Anybody who wants to go anywhere learns to set goals, since doing so gives you a clear direction for your behavior and planning. And the best of the best learn to make SMART goals--that is, goals that are Specific, Measurable, Attainable, Relevant and Timely. These guidelines were proposed in 1981 by George Doran, Arthur Miller and James Cunningham in Management Review.
But this approach notably leans heavily on quantification. Learning to balance SMART goals with a more qualitative mindset might make the difference between going up just a level or two and being stratospherically different than your rivals.
So here are my personal recommendations for how to take SMART goals above and beyond.
1. Look at the long-term.
Some goals--making it through the commute without spilling your coffee on yourself, for example--are just fine designed for the short-term. But perhaps the most significant SMART goals are the ones that have ripple effects well into the future. So when you're selecting an objective, ask yourself how the goal is going to influence you days, weeks, months or even years out. If it's not going to have that much of an impact later, the goal might not be worth your time and effort.
2. Have a good, reliable support system at the ready.
Being able to set a specific date or look at a metric from a piece of software might let you objectively know if what you're doing is working or how far you have to go, but that's only so motivating. You also need encouragement from others. Have people at your side who can give their interpretations to you, point out your strengths, help you overcome hurdles related to the goal and give you empathy when you feel stressed or isolated. Those individuals also can help you make sure that the goal meets SMART criteria to begin with and that you continue to adhere to those criteria over time.
3. Consider interpersonal relationships.
Just because a SMART goal is good for you doesn't mean it's going to benefit others. This doesn't mean you never should move independently for your own wellbeing if you are in a toxic situation. But think about whether the goal is going to create stress or hardships for those around you and how you can mitigate those issues proactively. A good SMART goal ideally will leave you with stronger friendships in and out of the office, rather than straining your interactions.
4. Root out potential problems.
Few things in life go off without a hitch, meaning that even SMART goals can run into kinks. Failure to consider specific problems you could encounter leaves you ill-prepared to overcome those issues and to complete your objective.
Create action plans for each anticipated hurdle, not only because it keeps you logistically moving, but also because as John Tierney and Roy Baumeister argue in Willpower: Rediscovering the Greatest Human Strength, simply having solutions at the ready can reduce your stress. This can make your experience much more enjoyable.

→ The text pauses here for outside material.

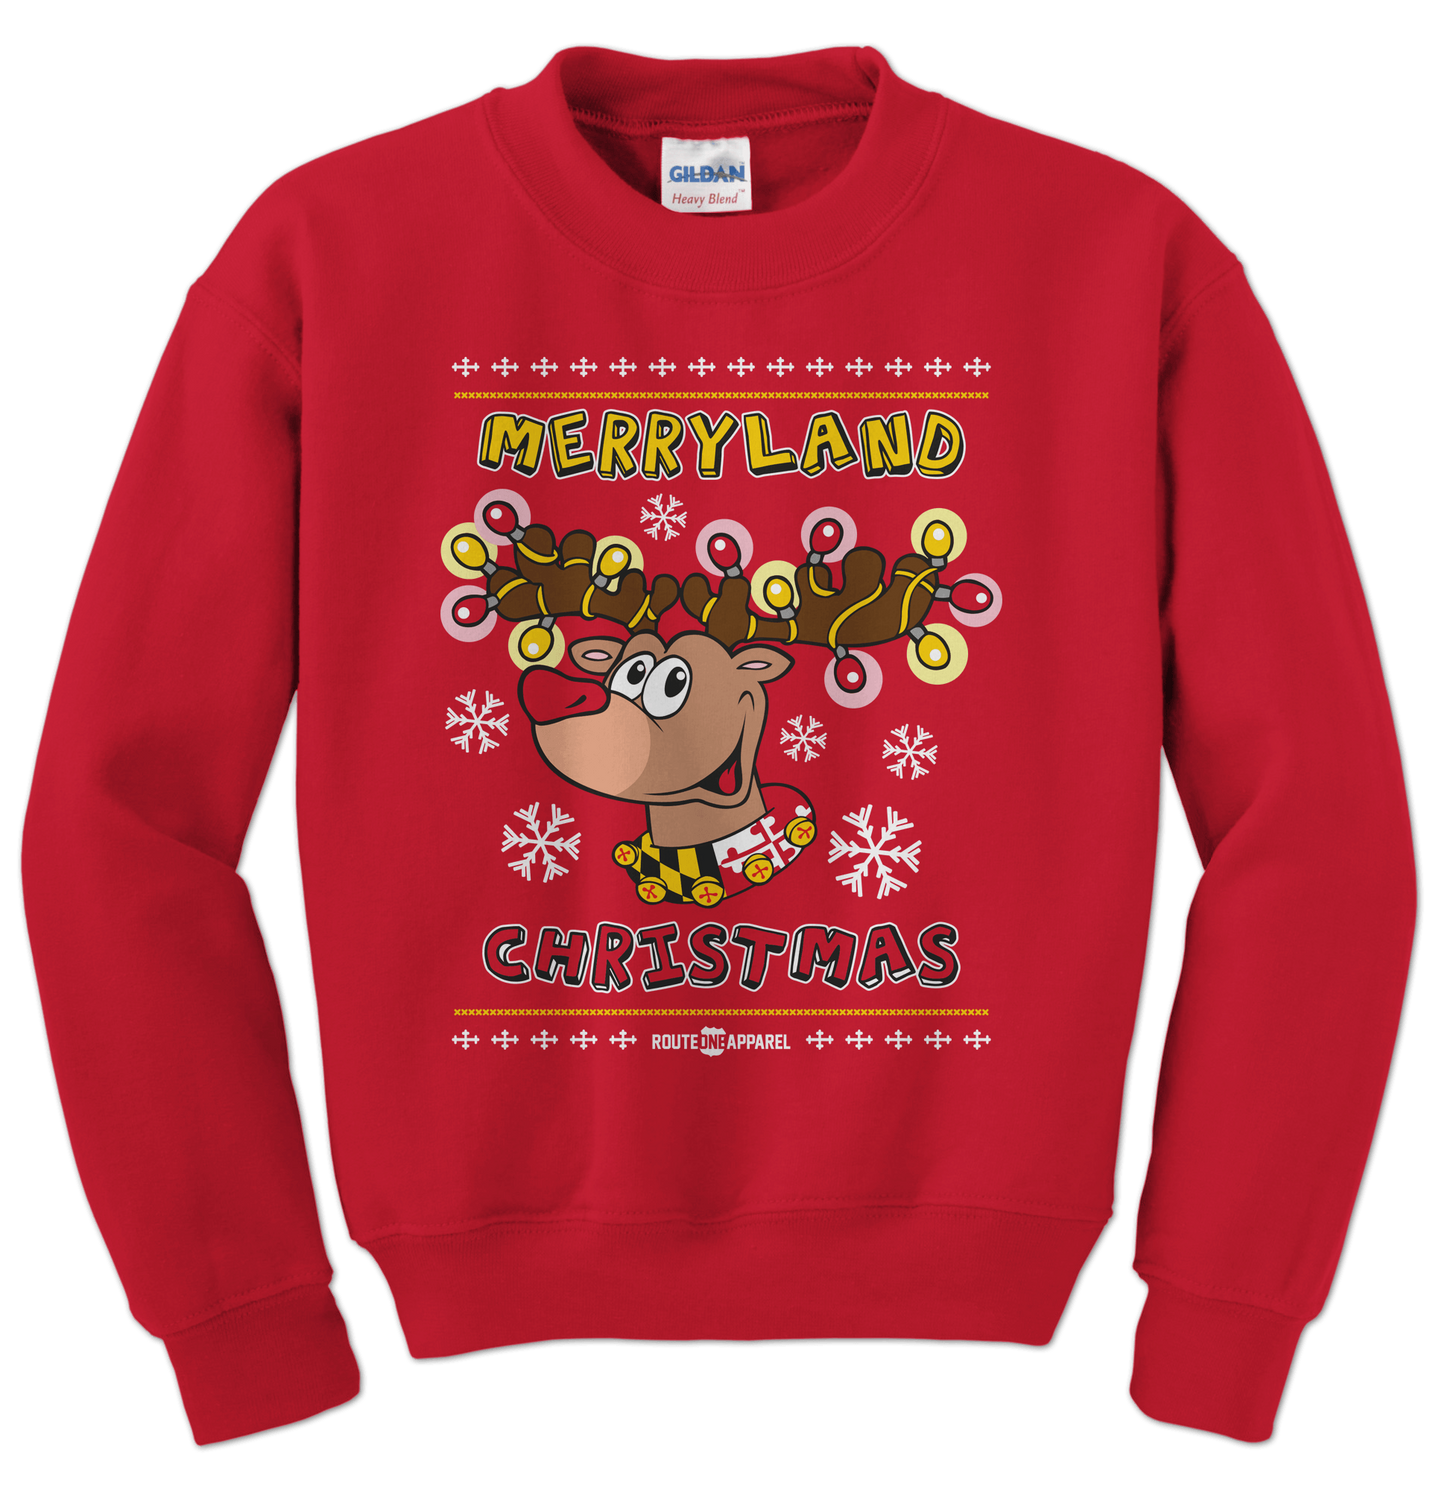 Merryland Christmas (Red) / Crew Sweatshirt - Route One Apparel

Know the strengths you bring to the table as you develop your solutions, and work independently or with others to gain skills or information that could benefit you on your journey. This can improve the growth you gain beyond the single SMART objective you're after.
SMART goals are intelligent in part because they bring a certain level of objectivity to what you do. But you don't have to implement them in isolation, and there's more to consider with them than check boxes. Approaching them under this broadened perspective will set you apart, no matter what the individual SMART goals you set might happen to be.